Patients present with severe epigastric abdominal pain that radiates to the back. This pain usually worsens after meals.
Patients with acute pancreatitis develop a severe loss of appetite, or anorexia.
With acute pancreatitis, patients feel nauseous and sometimes have severe vomiting.
Elevated serum amylase and lipase levels, in combination with severe abdominal pain, often trigger the initial diagnosis of acute pancreatitis. However, enzymes have no role in assessing disease severity. Lipase is more sensitive for alcohol-induced pancreatitis, and if the lipase level is about 2.5 to 3 times that of amylase, it is suggestive of pancreatitis due to alcohol. Lipase is also more specific than amylase.
Pancreatitis may progress to DIC (disseminated intravascular coagulation), which is a consumptive thrombotic-hemorrhagic disease. It may present with abnormal bleeding, kidney or liver failure, and shock.

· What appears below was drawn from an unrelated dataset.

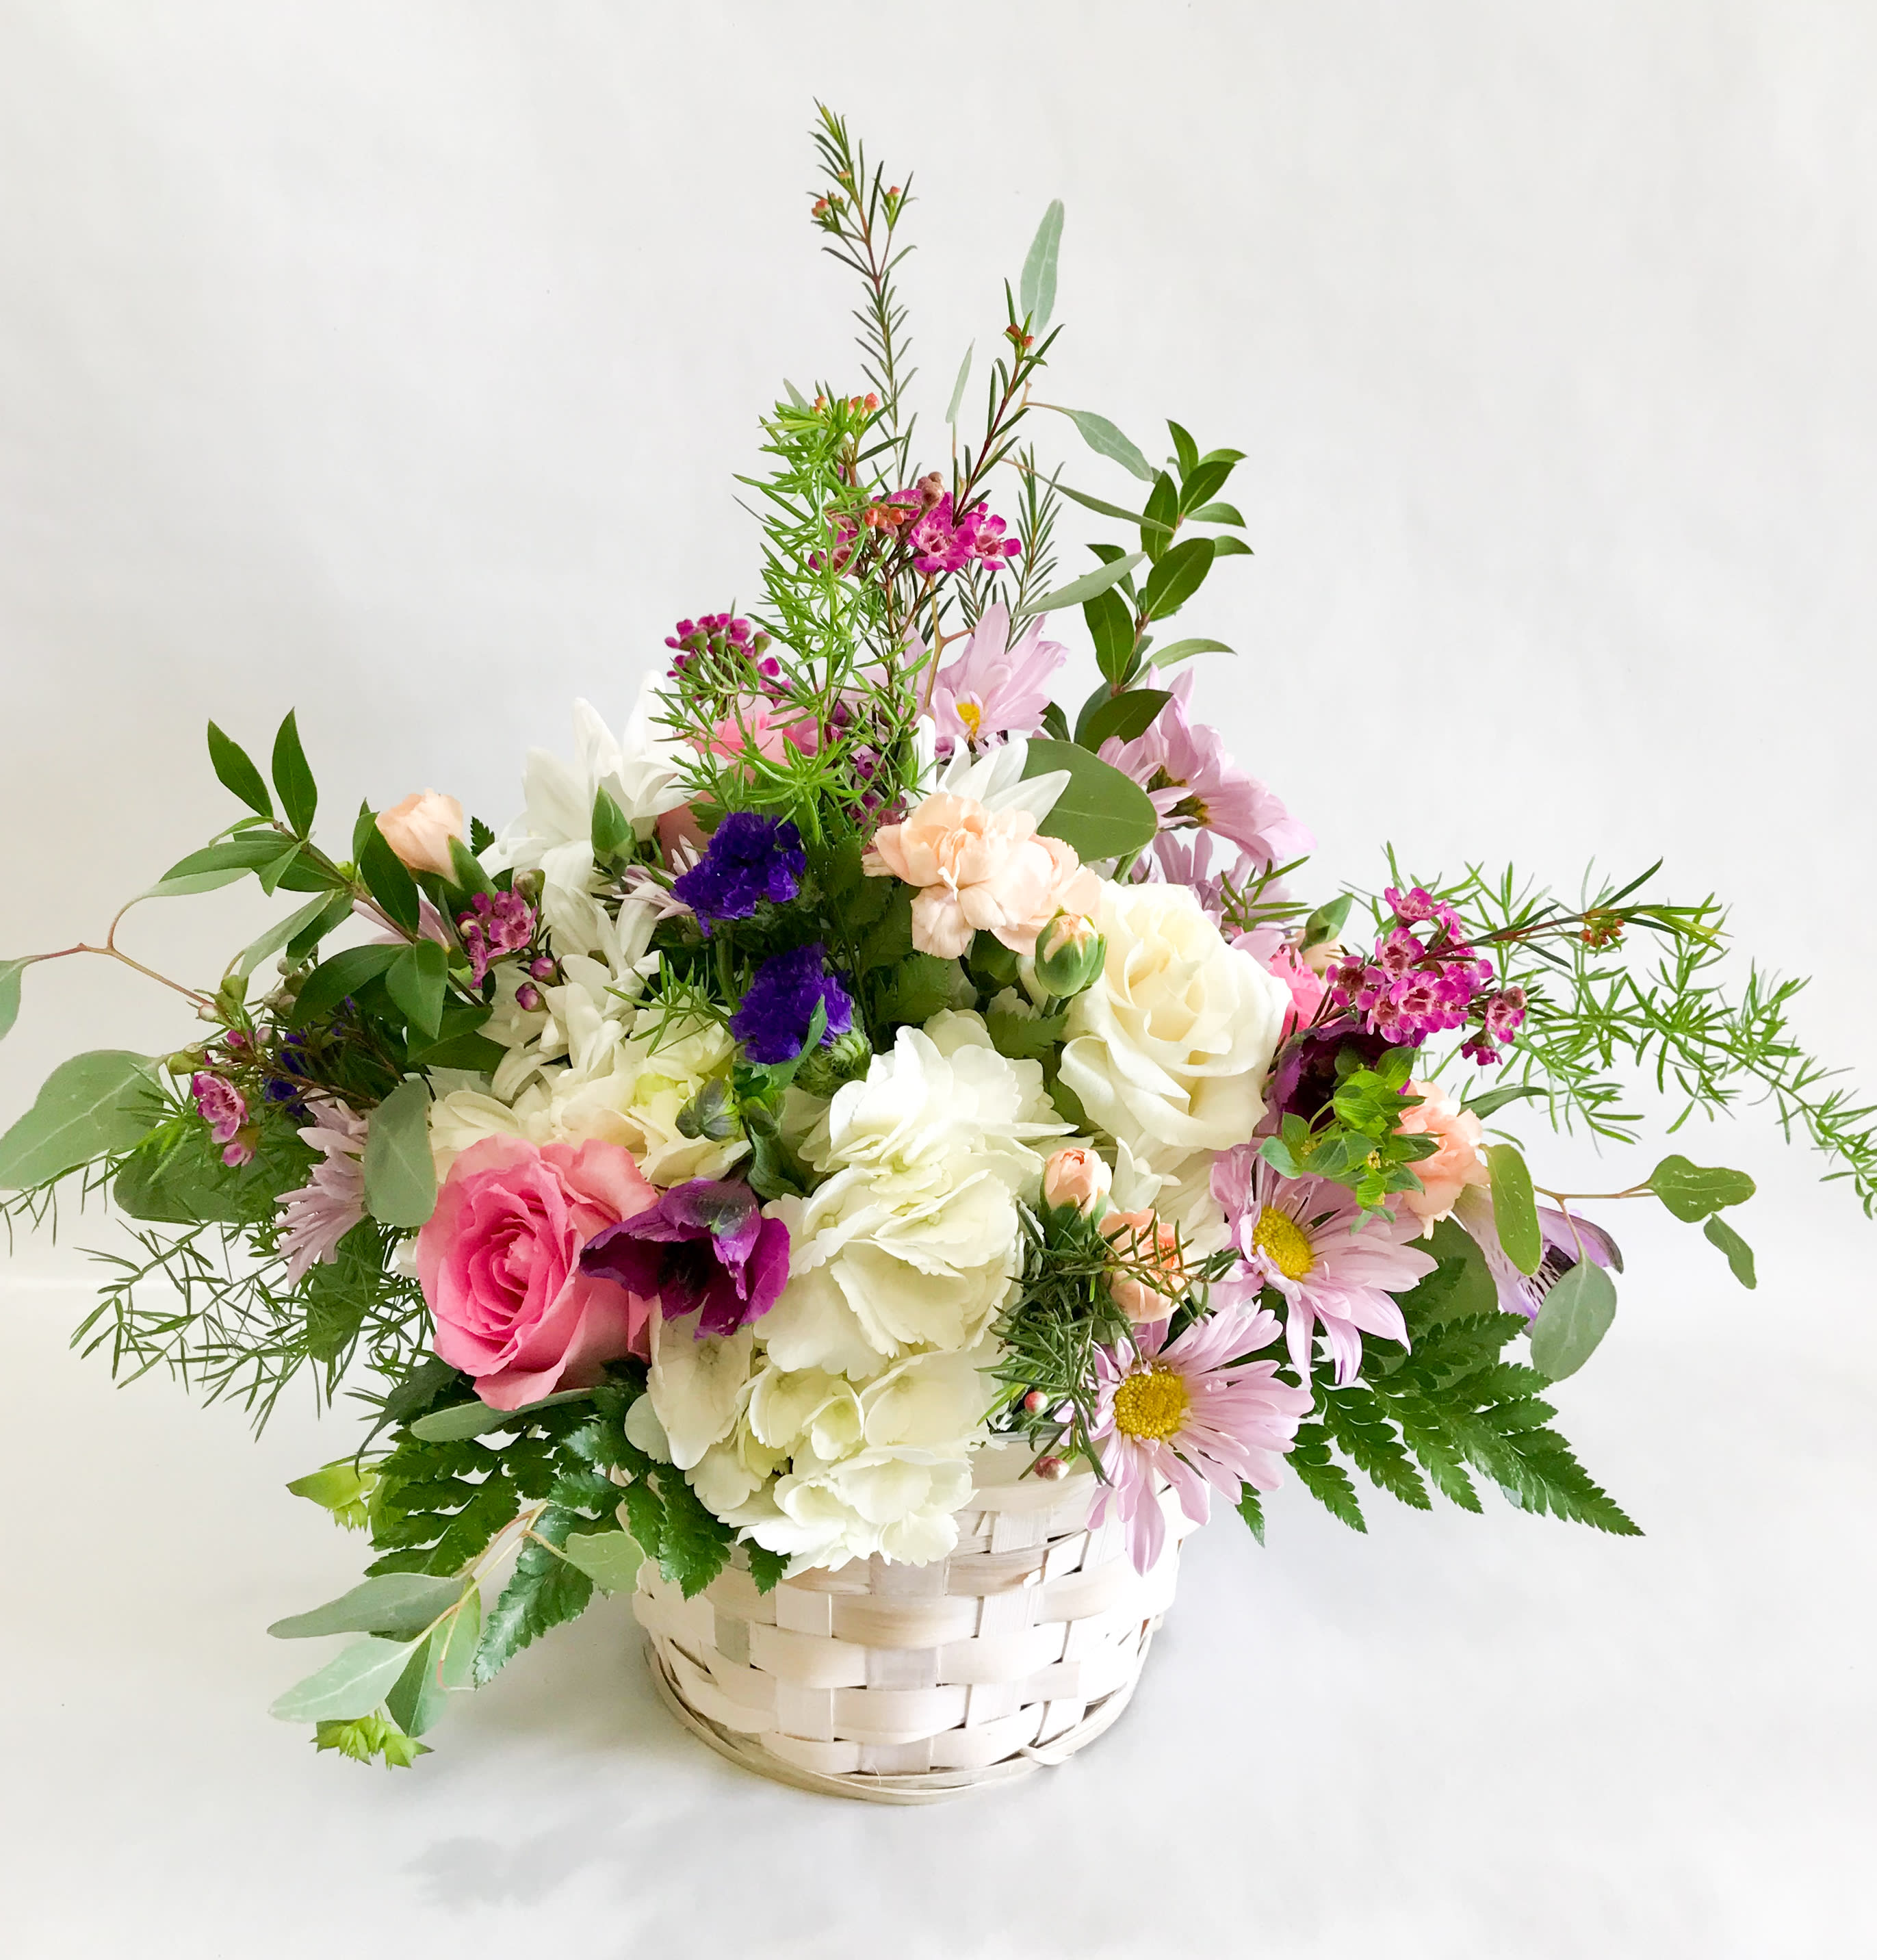 Summer Garden by Barb's Flowers - The bouquet that says it all.  A basket full of a nice mix of flowers.

Pancreatic necrosis can subsequently lead to infection. Pathogens are typically gut microflora such as E. coli or Klebsiella. Treatment includes antibiotics and/or surgical debridement.
This is caused primarily by precipitation of calcium soaps in the abdominal cavity. When the pancreas is damaged, free fatty acids are generated by the action of pancreatic lipase. Insoluble calcium salts are present in the pancreas, and the free fatty acids avidly chelate the salts, resulting in calcium deposition in the retroperitoneum (saponification). Hypocalcemia can present with tetany.
SIRS (systemic inflammatory response syndrome) is a serious complication of acute pancreatic disease and occurs due to cytokine activation and widespread systemic inflammation. SIRS is associated with multi-organ failure, notably ARDS (acute respiratory distress syndrome) and renal failure, as well as shock.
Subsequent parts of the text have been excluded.